The activity level of a repository represents the frequency of changes made to a repository in the last six months. The activity level can be classified as:
- Stale: There is no activity in the last six months.
- Monthly: There are changes in the last six months, but they were not enough to classify it as either weekly or daily.
- Weekly: There is typically a change every week.
- Daily: There is typically a change every day.
Currently, pull requests, reviews, commits and comments are all considered to be changes.
The data used to calculate the activity level is retrieved from the GitHub GraphQL API. Currently, we retrieve six months of data from the default branch of a repository and we refresh the data every Sunday.
The relevant pieces of information for the activity level calculation are:
How it is calculated
Our main objective was to design an algorithm that was simple and easy to understand. Thus, we came up with a solution that calculates the activity level based on the median of the weekly total number of changes.
The algorithm can be described in five simple steps:
- The first step merges all changes into a bundle. If there are no changes, the activity level is immediately classified as stale.
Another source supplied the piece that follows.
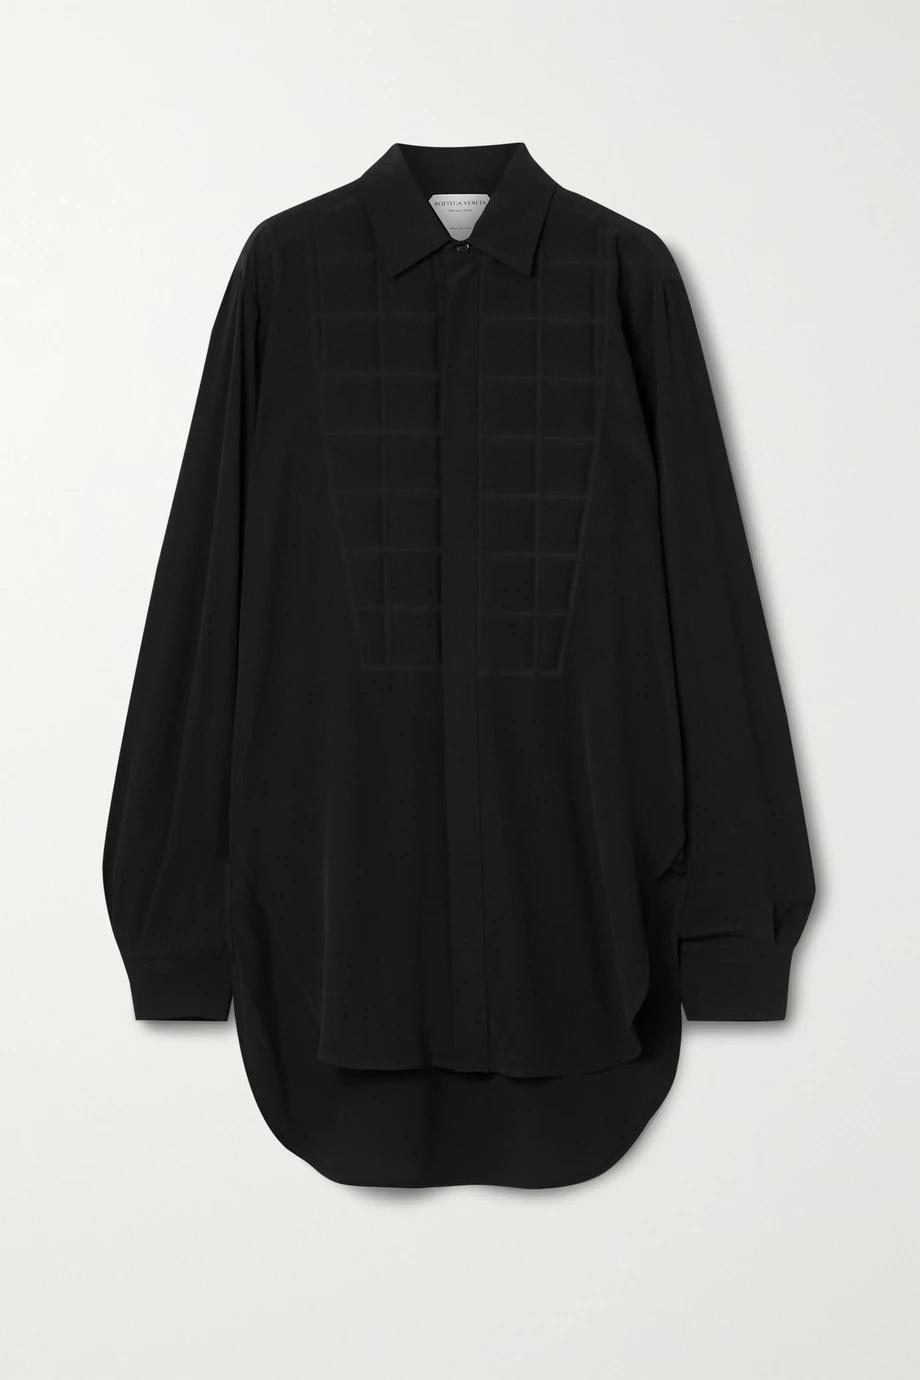 Bottega Veneta oversized košulja 2021.

- The second step divides the bundle of changes into weekly chunks and calculates the total number of changes in each week.
- The third step gathers the total number of changes per week into a bundle and sorts it in ascending order.
- The forth step calculates the median value of that bundle.
- Finally, the fifth step infers the activity level based on the median. If the median is greater or equal to 5, then the activity level is classified as daily. If the median is not greater or equal to 5, but it is greater than 0, then the activity level is classified as weekly. If no other classification has been made until this point, then the activity level is classified as monthly.